Monday, February 17, 2014

Learning skill independent knowledge management strategies

www.whiteravensconsulting.com - Twitter: GeertSWillems
-----
It's about a year ago that a remark during a KM training came "OK - waw, you really introduced us in knowledge techniques and how to approach this strategically, but you didn't tell anything (yet) on learning techniques". A few moments later the same person shared that indeed her - hospital - colleagues learned in different ways. 
And today I had a conversation on representing a framework. During the discussion it became clear that - in contradiction to the audio-visual person I am, the other person clearly had another way of absorbing knowledge. In a very constructive way - realising that her colleague structured and absorbed information in another way.
The same discussions over and over again when structuring document management systems: do we use metadata or a directory tree to structure everyhting? And as a result faulty implementations occur because either one of the two directions are taken.
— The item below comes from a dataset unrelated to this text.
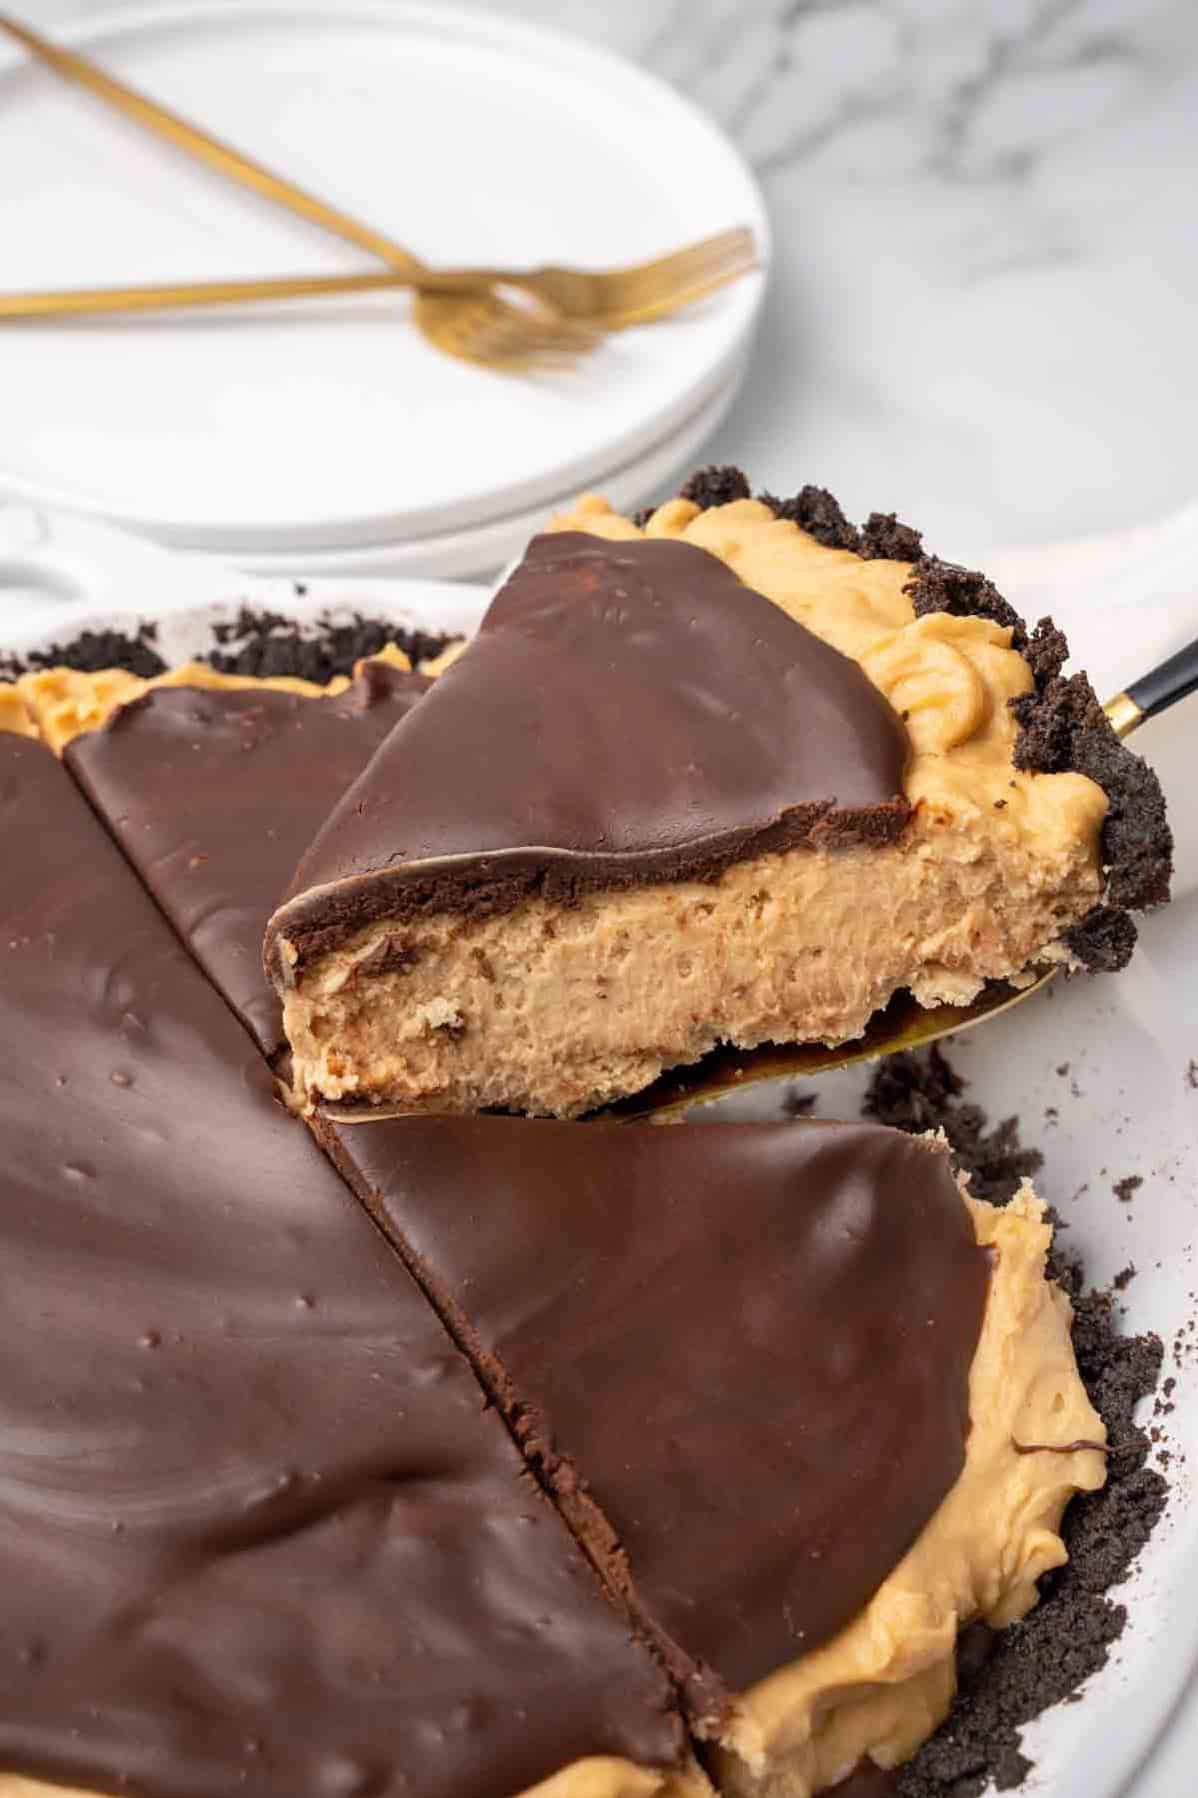  Chocolate, peanut butter, and cream - the star ingredients of this delicious pie!

Unfortunately technology is not (yet) evolved to a point where metadata is generated and searched and structured automatically, although some really good efforts have been made on this point.

So what is the solution?
It's staring us in the face,

because, in fact there are no options.

There is no choice.


When you want to have a great knowledge and learning flow - wether it is internally or even towards customers - you need to create a solution strategy where all forms of learning are provided.
Fortunately training techniques have evolved so far that for a minimal add-on in cost and effort, compared with developping material that can be used by one type of person, can be used by every type of person.

Unfortunately, 
although this insight is so clear,
it has been made troubled by solution providers only supporting one or two learning techniques.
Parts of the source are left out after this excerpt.